Solved – Different size of vocabulary made by Weka and R’s tm

javanatural languagertext mining

I own around 40,000 text files for preprocessing (in purpose of document classification). I used R (with tm package) for prototype and now looking for a equivalent Java library for products.

However, for very fundamental tasks, i.e. text preprocessing, I found a very strange problem. That, with Weka, I apply punctuation and stop-words removal, and the same operations with R. Basically, the generated vocabulary (terms) size should be relatively the same.

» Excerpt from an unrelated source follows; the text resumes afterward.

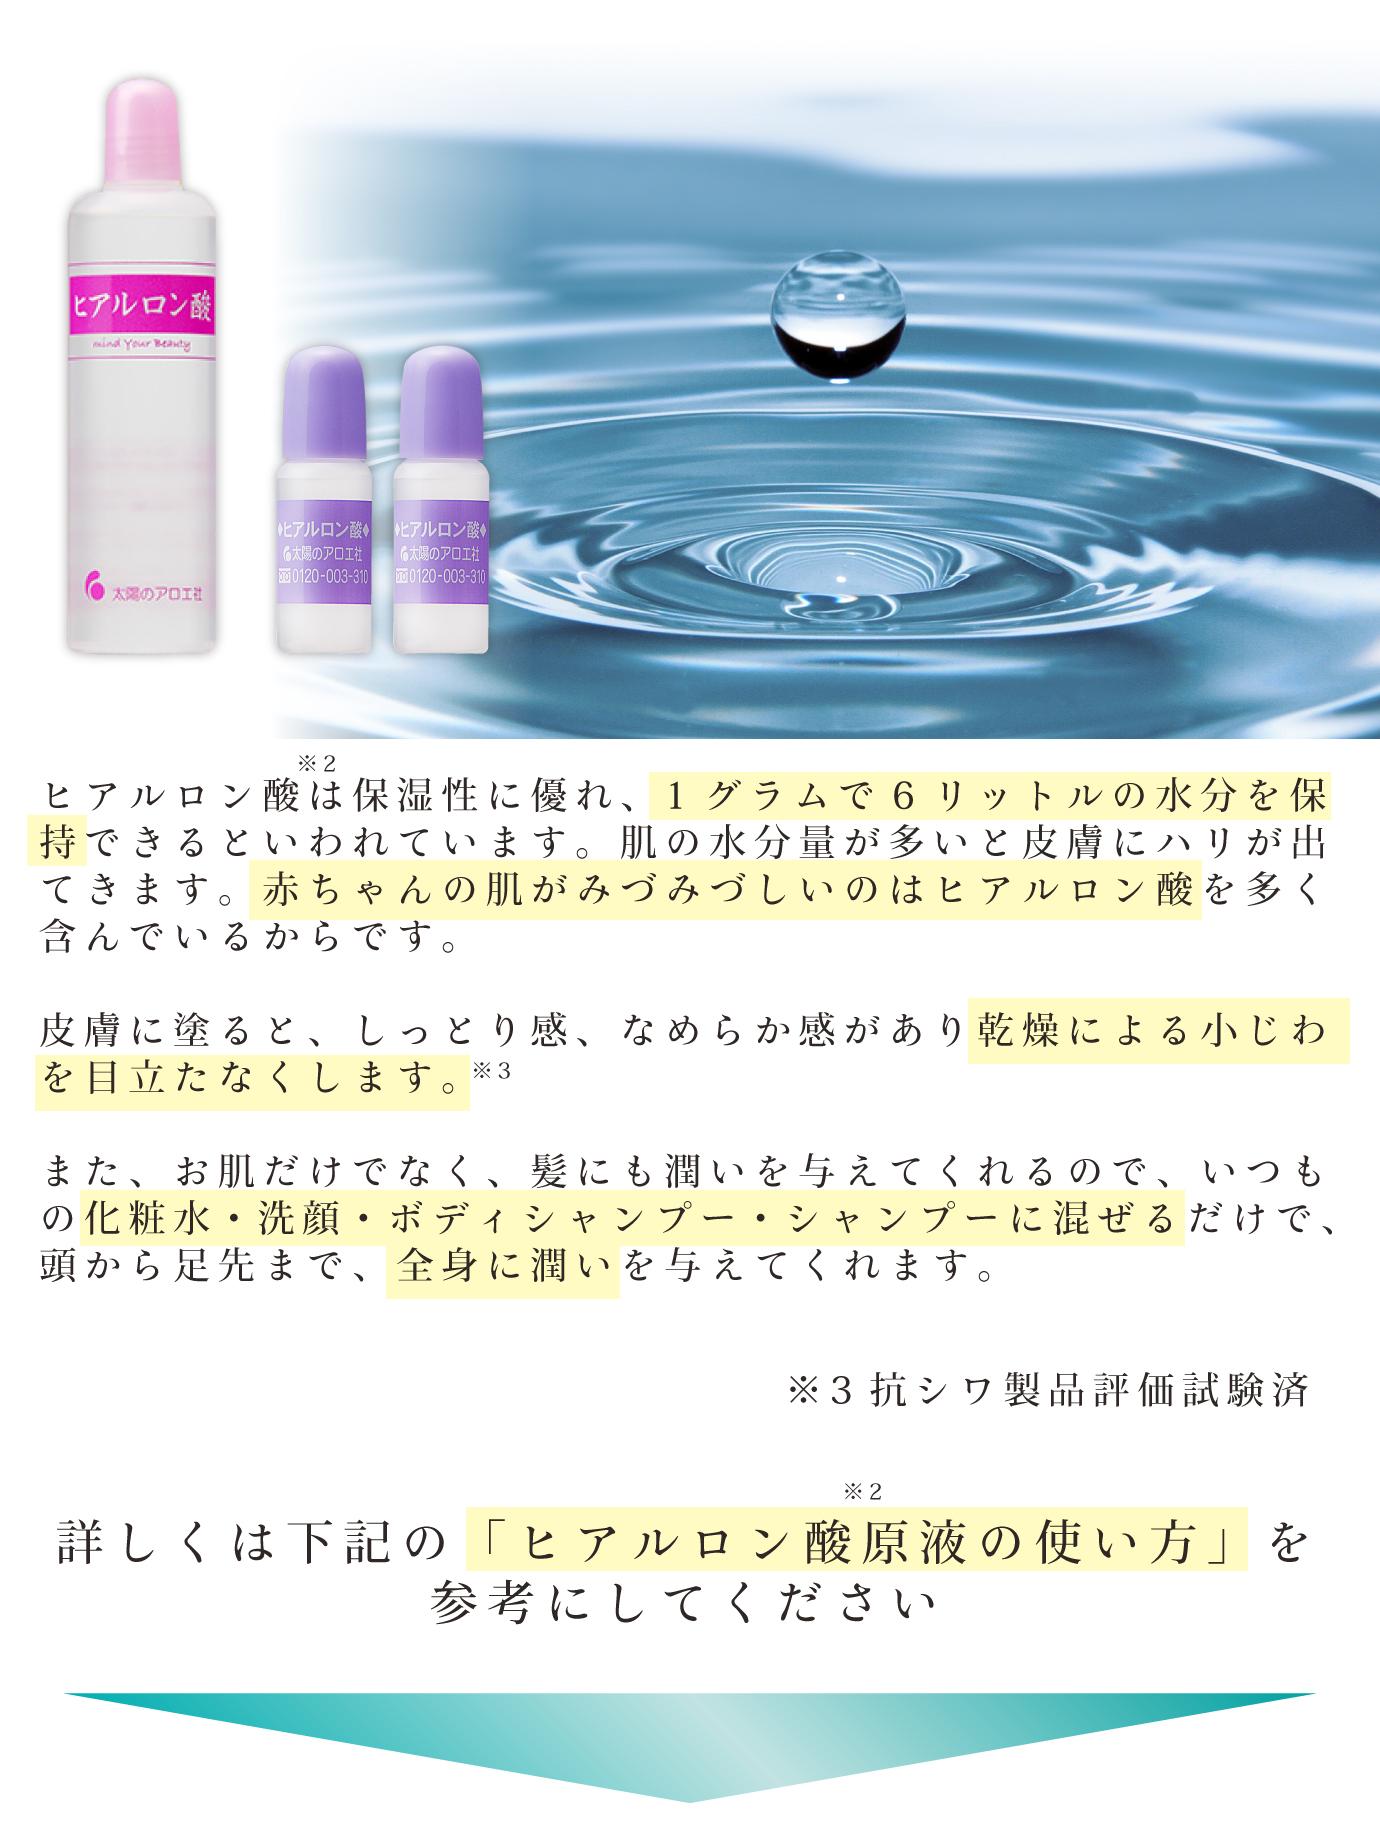 ヒアルロン酸は保湿性に優れ、1グラムで6リットルの水分を保持できるといわれています。肌の水分量が多いと皮膚にハリが出てきます。赤ちゃんの肌がみづみづしいのはヒアルロン酸を多く含んでいるからです。皮膚に塗ると、しっとり感、なめらか感があり乾燥による小じわを目立たなくします。また、お肌だけでなく、髪にも潤いを与えてくれるので、いつもの化粧水・洗顔・ボディシャンプー・シャンプーに混ぜるだけで、頭から足先まで、全身に潤いを与えてくれます。

However, weka returns a vocabulary (attributes in arff file) with only 35,000 terms, while in R, there are more than 1 million distinct terms.

Can anyone help me understand this problem, or introduces me some more reliable Java libraries for text preprocessing?

Best Answer

Did you apply the StringToWordVector in Weka? If so, then you did more than just punctuation and stop-words removal. StringToWordVector outputs only the doc-term matrix of the input text files, so once the above mentioned preprocessing is done Weka will create 1 term for each unique word. 35k terms sounds logical for 40k texts.

The preprocessing in R seems to have been only the punctuation and stop-words removal. So 40k documents results in 1M words, but not unique words. Are your text files approximately 25 words on average? If this is not the case, then there is something else going on indeed.